しかし、残念ながら、アクセス解析を行っている会社の大半が出しているレポートは、
Googleアナリティクスで得られたデータを、単にエクスポートして見やすくまとめただけの、『アクセス整理レポート』になっている。

そういったレポートで何か改善できるかといえば、なにもできない。
しかし、何もしらない一般の株式会社や個人、特にウェブに疎い製造業の方々は、
そんなものかと思って、毎月役に立たないレポートに何十万円も支払っているのをいやというほど見てきた。

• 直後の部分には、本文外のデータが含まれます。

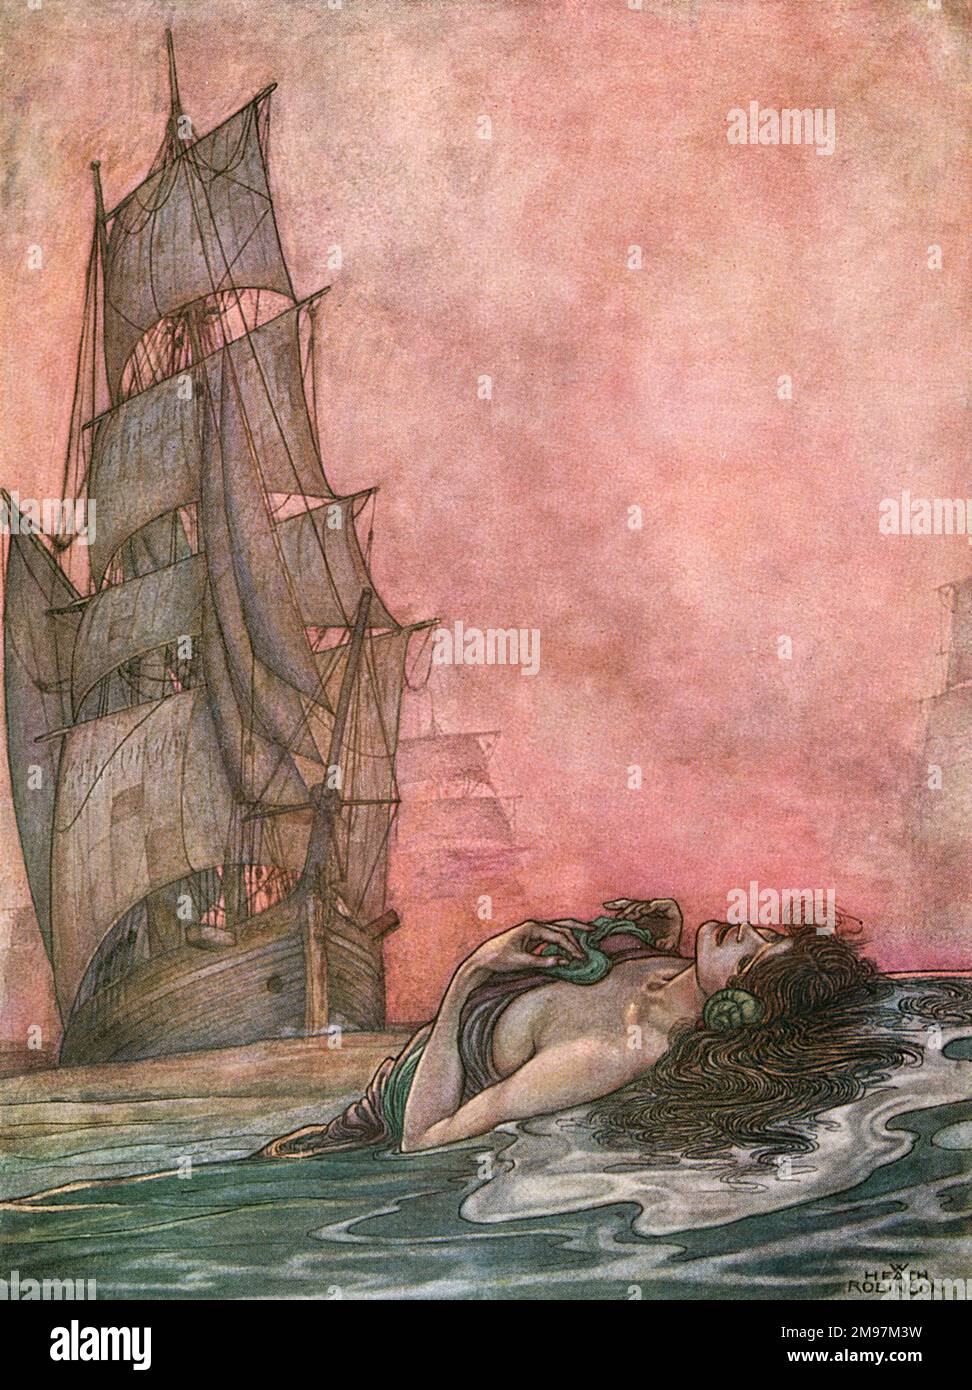 Illustration to A Song of the English, a patriotic set of poems by Rudyard Kipling (first published in the English Illustrated Magazine). She Calls Us, Still Unfed, depicting a sailing ship on the sea, with an allegorical female figure floating in the foreground, referring to the many English sailors lost at sea over hundreds of years. Stock Photo

そんな偽のアクセス整理レポートにお金を払うぐらいなら、
ユーザーをよく知る自社で分析されたほうが絶対により良い解析ができるはずだ。

データの見方をしっかり学んで役立てよう。

オーガニック検索キーワード

集客>すべてのトラフィック>チャネル

オーガニック検索の割合

オーガニック検索キーワード

ここの画面で見られるキーワードのレポートは、
ウェブサイトに来訪したユーザーが入力したいわゆる広告ではない、
検索エンジンの検索キーワードだ。

通常、広告のキーワードやSearch Console(旧:ウェブマスターツール)の検索クエリと区別するため、
オーガニック検索キーワードと呼ぶ。

そして、セカンダリディメンションを使えばキーワードごとに
どのページに入っているのかも分かる。
セカンダリディメンション

よく見るとわかるが、
検索キーワードは同じにも関わらず、ランディングページは同じではないという点だ。

ある特定のページに偏っているのは事実だが、
広く様々なページから入ってきているのが分かる。

であるとすると、対策を講じる際は、
意図は同じだが全く別々のページに訪問されている状況を前提に、
ページを作成しないといけないのだ。

また、オーガニック検索キーワードを元にユーザーをセグメントして、
閲覧しているページを調べたり、コンバージョンにつながるキーワードを調べたりするなど、
より詳細な分析が可能である。

この機能を活かせば、
検索ワードごとに閲覧ページを分析し、
合わせて滞在時間や離脱率を見て、より詳細にユーザーの興味関心を計測できる。

セグメント時のPV

また、コンバージョン率なども測れるので、
キーワードをグルーピングすると、どの検索ワードがコンバージョンにつながっているかも分かる。

コンバージョンにつながるキーワード

詳しくは、超実践!今日から使えるセグメント7つの手法 参照

これらのようにキーワードごとに詳細にセグメントができるのは、
オーガニック検索キーワードのみである。

検索クエリ

※Search Console(旧:ウェブマスターツール)との連結が必要。
集客>検索エンジン最適化>検索クエリ
検索クエリ

クエリリスト: 検索結果でサイトの URL が表示された、特定のユーザーのクエリ。Search Console では、サイトが検索結果として少なくとも 1 回返されたクエリの上位 2,000 件についてデータが表示されます。
https://support.google.com/webmasters/answer/35252?hl=ja

簡単に説明すると、検索クエリとは、
検索結果にウェブサイトが表示されたキーワードとクリックされたキーワードの2つを含んでいる。

この機能のすごいところは、
検索結果に表示された回数、クリック数、平均順位、CTR(クリック率)まで教えてくれるという点だ。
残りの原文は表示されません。